All code must be properly tested. You are free to write the test before or after the code. However, it is important that you write the test code during each step.

All code must be properly documented with /// comments.

Version control

You must use Git with a remote repository for version control.

The repository must be hosted on GitHub https://github.com/

Rules

Commit often
Push to GitHub at least after completing each of the steps below + every day, at the end of the day

Step 1: Single threaded server doing GET

The first version of your HTTP server will be a very simple single threaded server: There will only be one thread taking care of everything:

accepting request
handling requests
sending responses

The server must listen on some port like 80, 8080, 8888 or the like.

All TCP servers have the same basic structure. This means that you can start looking at a simple TCP server (like Echo server) that you made in the SODP course.

Step 1a: Static content in the response

The first version of the server should send back some static content (always return the same text, like "Hello world"). This version should no attempt to open a file, etc. In this version you do not need to read the request.

Your server must send a HTTP/1.0 response, not HTTP/1.1.

Useful C# classes

System.Net.Sockets.TcpListener
System.Net.Sockets.TcpClient
System.IO.StreamWriter
The property Encoding.UTF8, or a similar encoding

Make sure all network connections, etc. are closed properly: Use using or finally statements.

Run your server and use it from an ordinary browser.

Use Microsoft Internet Explorer to send the request. Press F12 to open a monitoring window: Find the network like icon, and press the Green record button. Send some requests, and they will be recorded, so that you can check the details later.
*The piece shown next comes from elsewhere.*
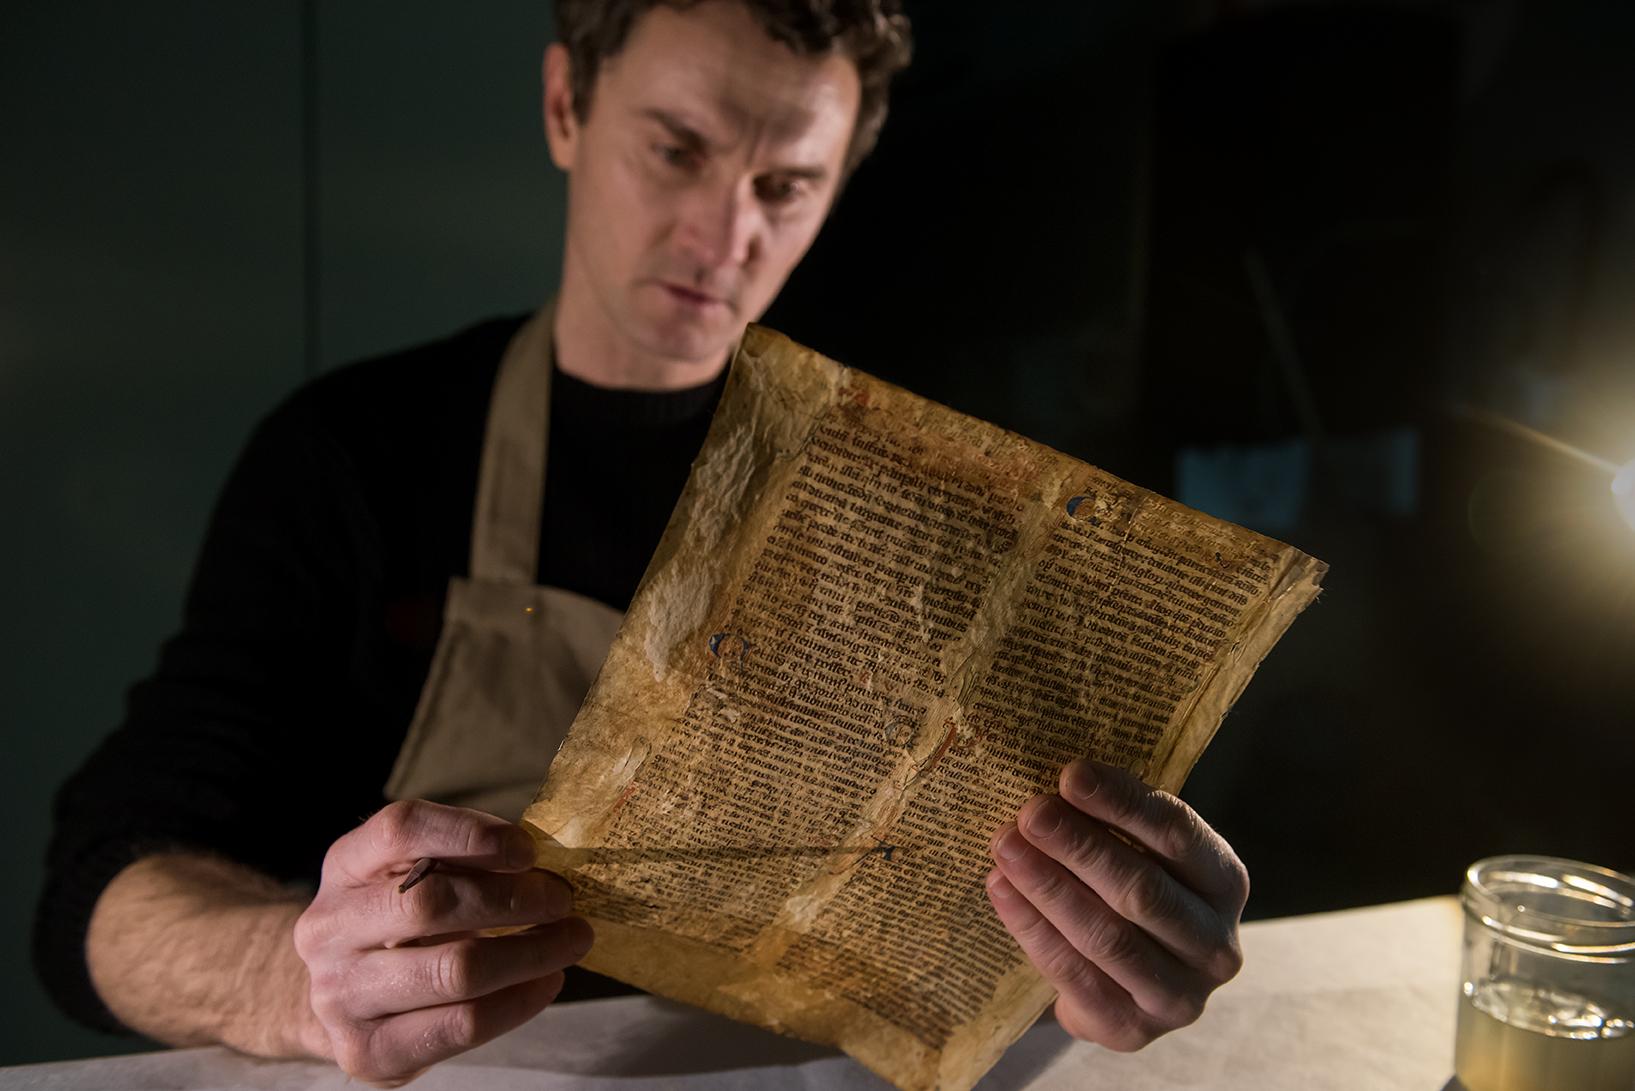 Le restaurateur florentin, Simone Martini est impressionné par la qualité exceptionnelle des incunables de la bibliothèque Fesch (photos Ville d'Ajaccio).

Very useful for debugging.

Step 1b: Dynamic content in the response

In the next version the server should send some dynamic content back to the client, like "You requested /someFile.html". This version should no attempt to open a file, etc.

In this version you must read the request send from the browser to the server - but reading the first line is enough.

The first line should look like GET /someFile.html HTTP/1.1. You must extract the URI (middle) part of the request line (/someFile.html in this case) and include the URI in the response.

Useful C# API

System.Net.Sockets.NetworkStream
System.IO.StreamReader
The method String.split(...), the first and simplest example is most important.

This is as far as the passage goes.